В предлагаемой вниманию читателей книге собраны очерки и краткие биографические справки о писателях, связанных своим рождением, жизнью или отдельными произведениями с дореволюционным и советским Зауральем.
Статья написана на материале несохранившейся студенческой работы Добролюбова, выполненной на третьем курсе Главного педагогического института. Послужила поводом для знакомства с Н.Г. Чернышевским и положила начало постоянному сотрудничеству Добролюбова в «Современнике». С этой статьей Добролюбов вошел в русскую литературу и заявил себя в ней как крупная самостоятельная величина. Большой общественный резонанс статьи, посвященной такой «академической» теме, как журнал XVIII в., объясняется тем, что Добролюбов сумел придать ей серьезный современный интерес, не выходя при этом за рамки материала.
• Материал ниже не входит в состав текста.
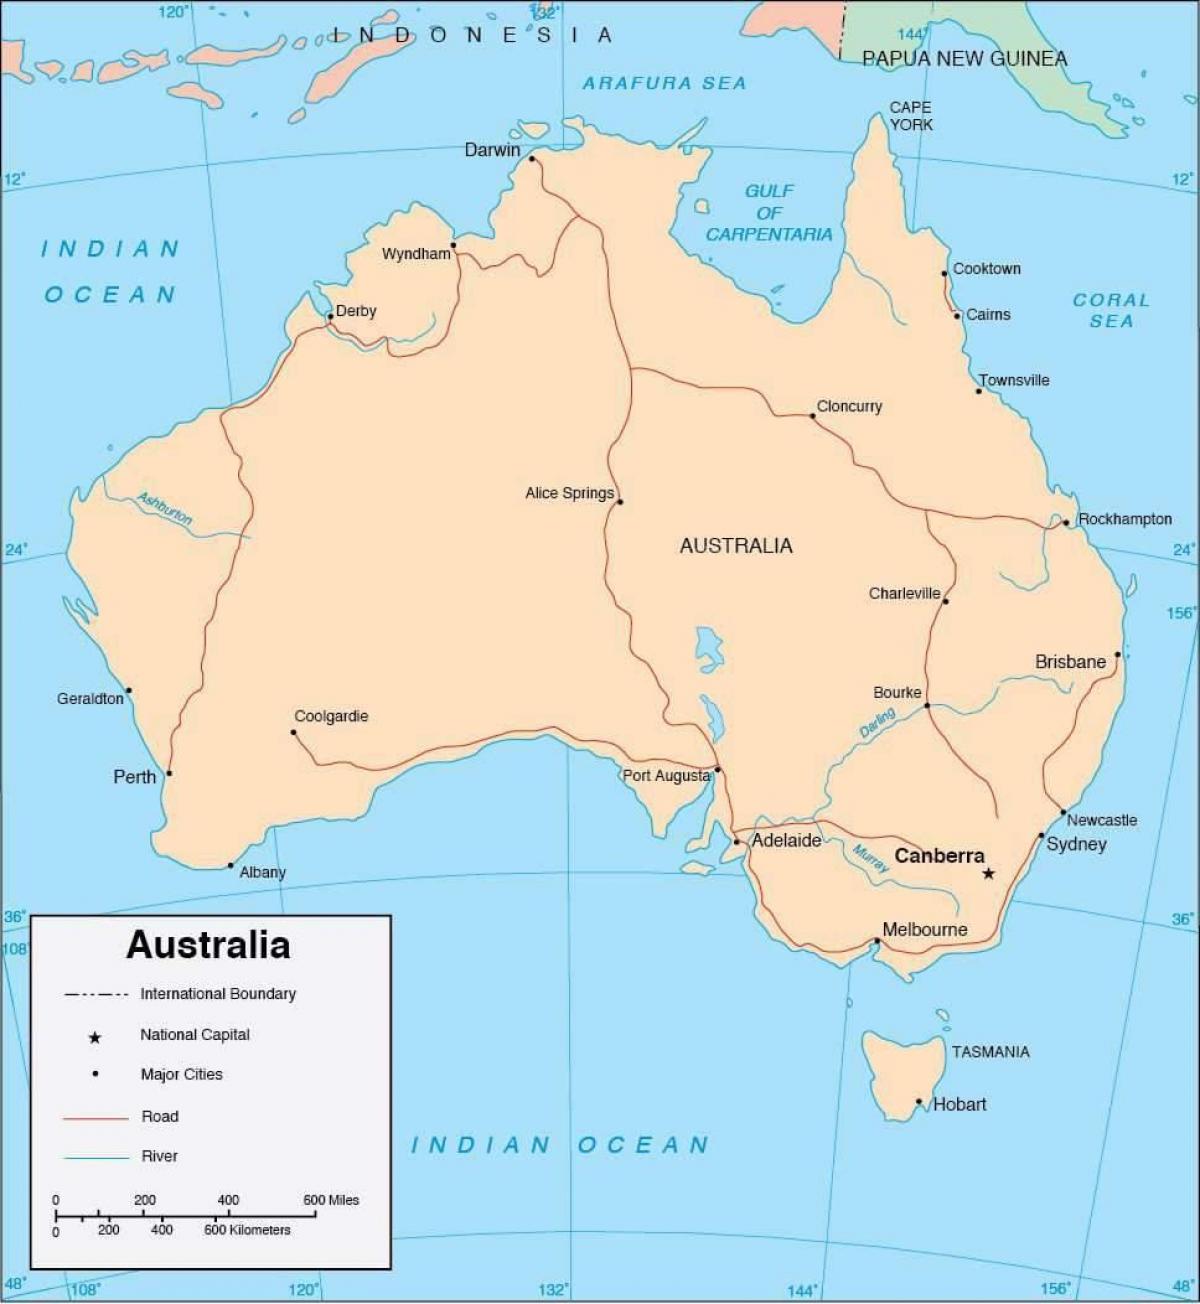 Mapa da Austrália com as principais cidades

«…Итак, «действительное» есть то, что есть в самом деле; «воображаемое» есть то, что живет в одном воображении, а чего в самом деле нет; «призрачное» есть то, что только кажется чем-нибудь, но что совсем не то, чем кажется. Мир «воображаемый» в свою очередь разделяется на «действительный» и «призрачный». Мир, созданный Гомером, Шекспиром, Вальтером Скоттом, Купером, Гете, Гофманом, Пушкиным, Гоголем, есть мир «воображаемый действительный», то есть столько же не подверженный сомнению, как и мир природы и истории; но мир, созданный Сумароковым, Дюкре-Дюменилем, Радклиф, Расином, Корнелем и пр., – есть мир «воображаемый призрачный».
«…И вот, когда им случится играть пьесу, созданную высоким талантом из элементов чисто русской жизни, – они делаются похожими на иностранцев, которые хорошо изучили нравы и язык чуждого им народа, но которые все-таки не в своей сфере и не могут скрыть подделки. Такова участь пьес Гоголя. Чтоб наслаждаться ими, надо сперва понимать их, а чтоб понимать их, нужны вкус, образованность, эстетический такт, верный и тонкий слух, который уловит всякое характеристическое слово, поймает на лету всякий намек автора.
В книге рассказывается история главного героя, который сталкивается с различными проблемами и препятствиями на протяжении всего своего путешествия. По пути он встречает множество второстепенных персонажей, которые играют важные роли в истории. Благодаря опыту главного героя книга исследует такие темы, как любовь, потеря, надежда и стойкость. По мере того, как главный герой преодолевает свои трудности, он усваивает ценные уроки жизни и растет как личность.